Gabe’s knees went suddenly weak, and he had to lean against the damn building to stay erect. His entire body broke out into a cold sweat. He knew that precious child was going to die, and he had it within his power to stop it from happening. Except that he could do nothing, absolutely nothing. Last week, Gabe had been able to reason his way past a deaf and frail old lady stepping off the boardwalk and dying under the wheels of a wagon. Not my place to intervene. Okay, yes, he could accept that. Everyone had to die at some point, and that old lady’s time had come. But the child?
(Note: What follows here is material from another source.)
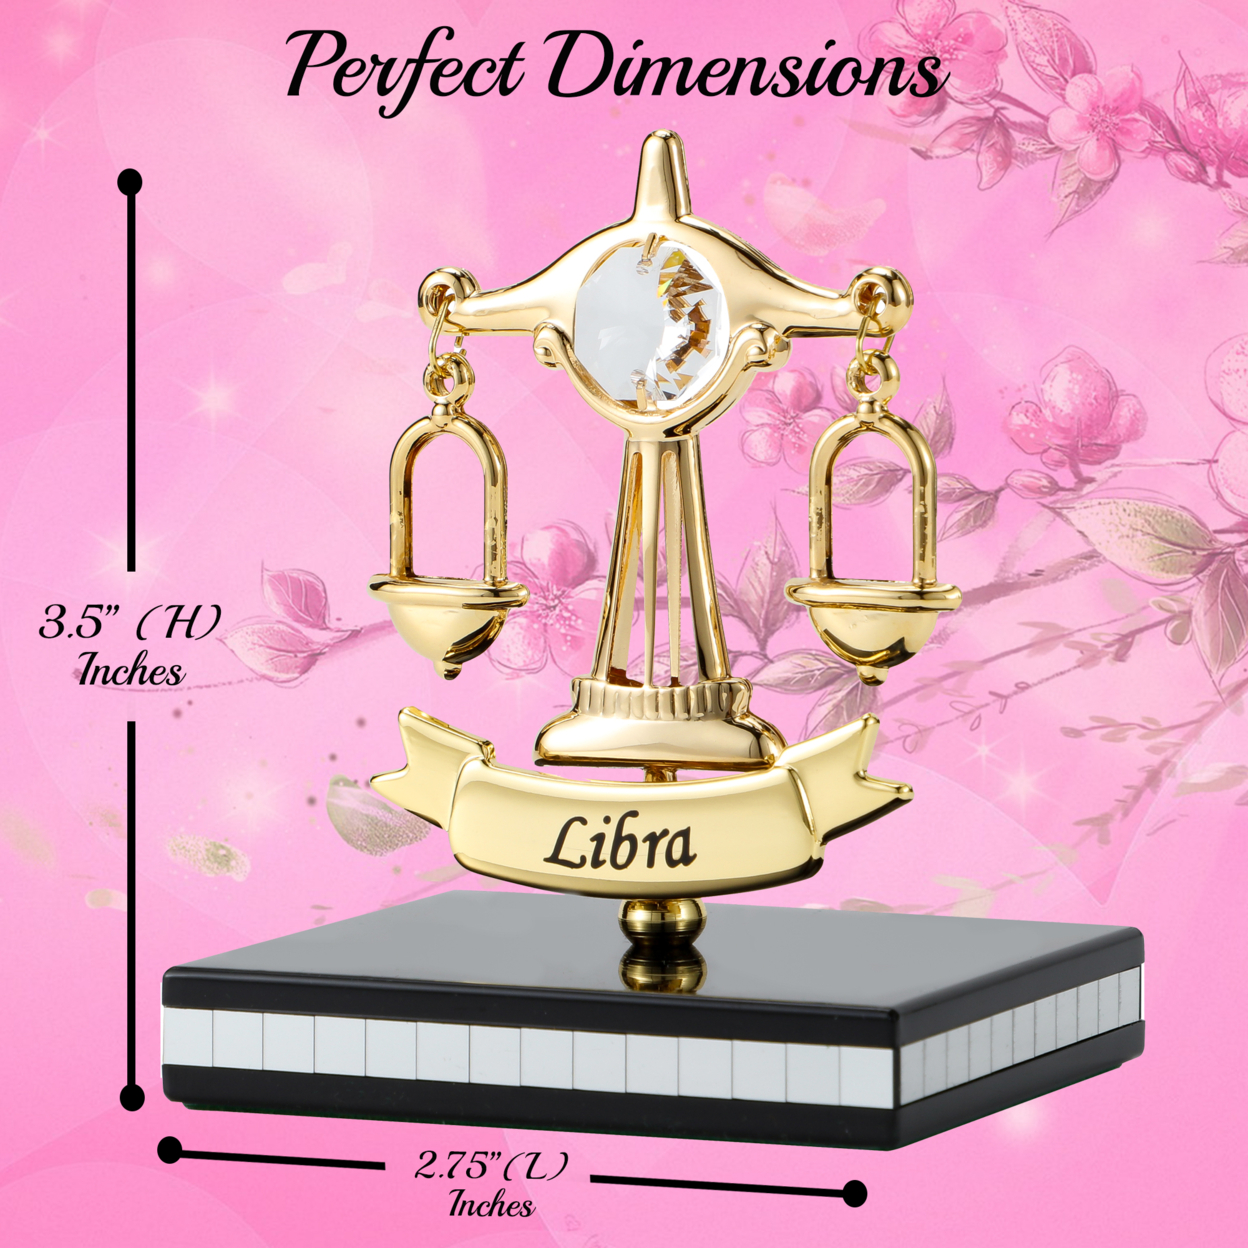 Matashi 24K Gold Plated Zodiac Astrological Sign Libra Figurine Statuette On Stand Studded With Crystals Gift For Mom Girlfriend Wife Dad
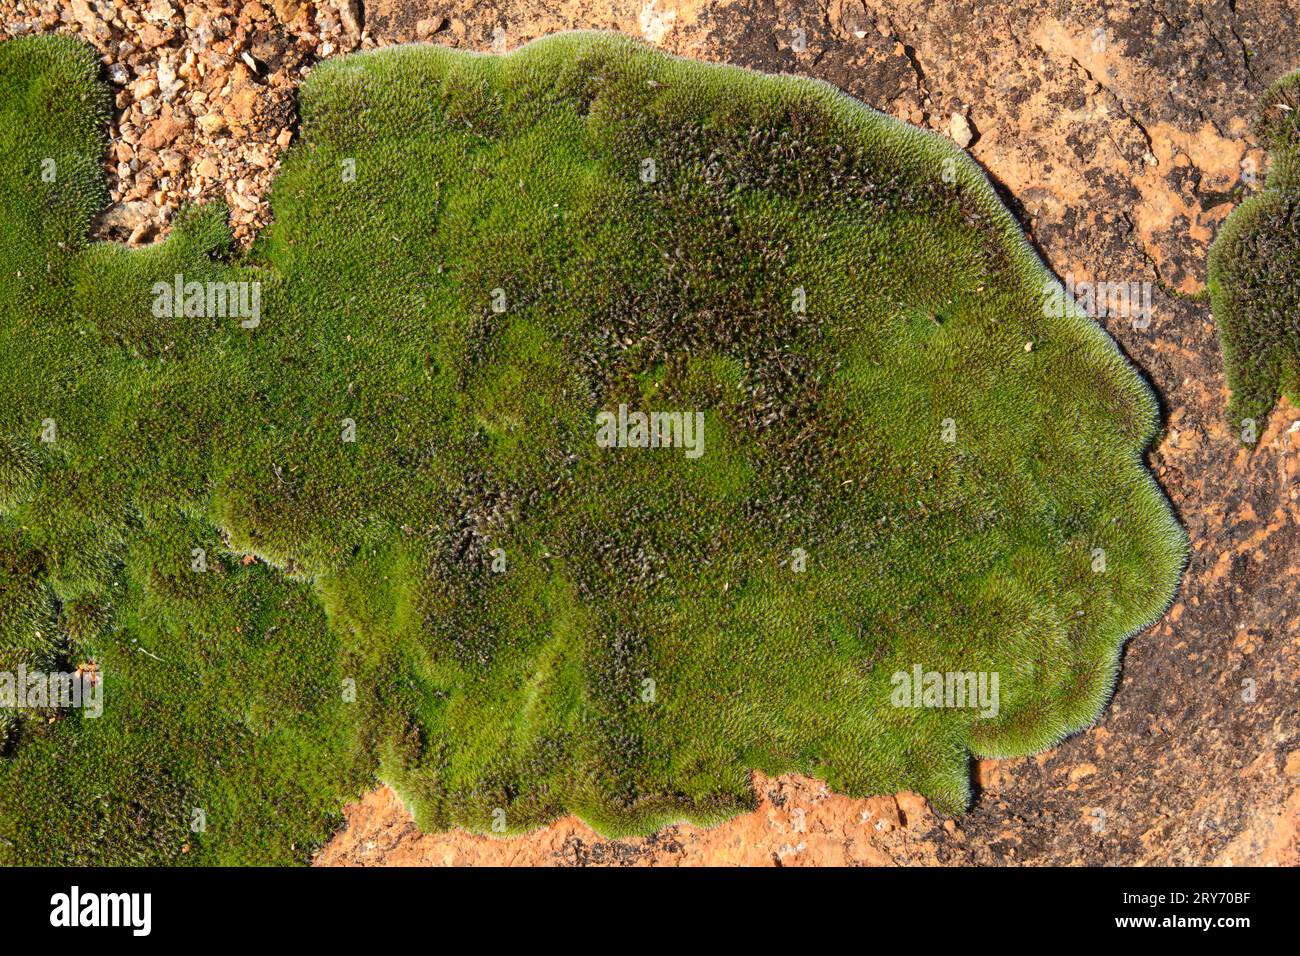 Image of detail of moss growing on the granite surface of Beringbooding Rock in the Wheatbelt region of Western Australia. Stock Photo

She was only about three, barely out of diapers. Maybe the weak heart would take her later in childhood anyway, but what if it didn’t? What if, by stepping in, Gabe could give her a chance to live a happy and fruitful life well into old age?
Walking back toward Nan’s shop, Gabe felt physically sick. It’s not my place to mess with stuff like that. I’m not supposed to alter events while I’m here. But the words pinged inside his head like shotgun pellets rattling around in a tin can.
By the time he reached home—or what he’d come to think of as home, anyhow—Nan had flipped her door sign over to read CLOSED. Gabe was relieved that he’d be able to cross the store and escape upstairs without having to exchange pleasantries with Geneva White or some other female customer. He stepped inside and pushed the door shut behind him, feeling as exhausted as if he’d just outrun a pack of flesh-devouring hounds.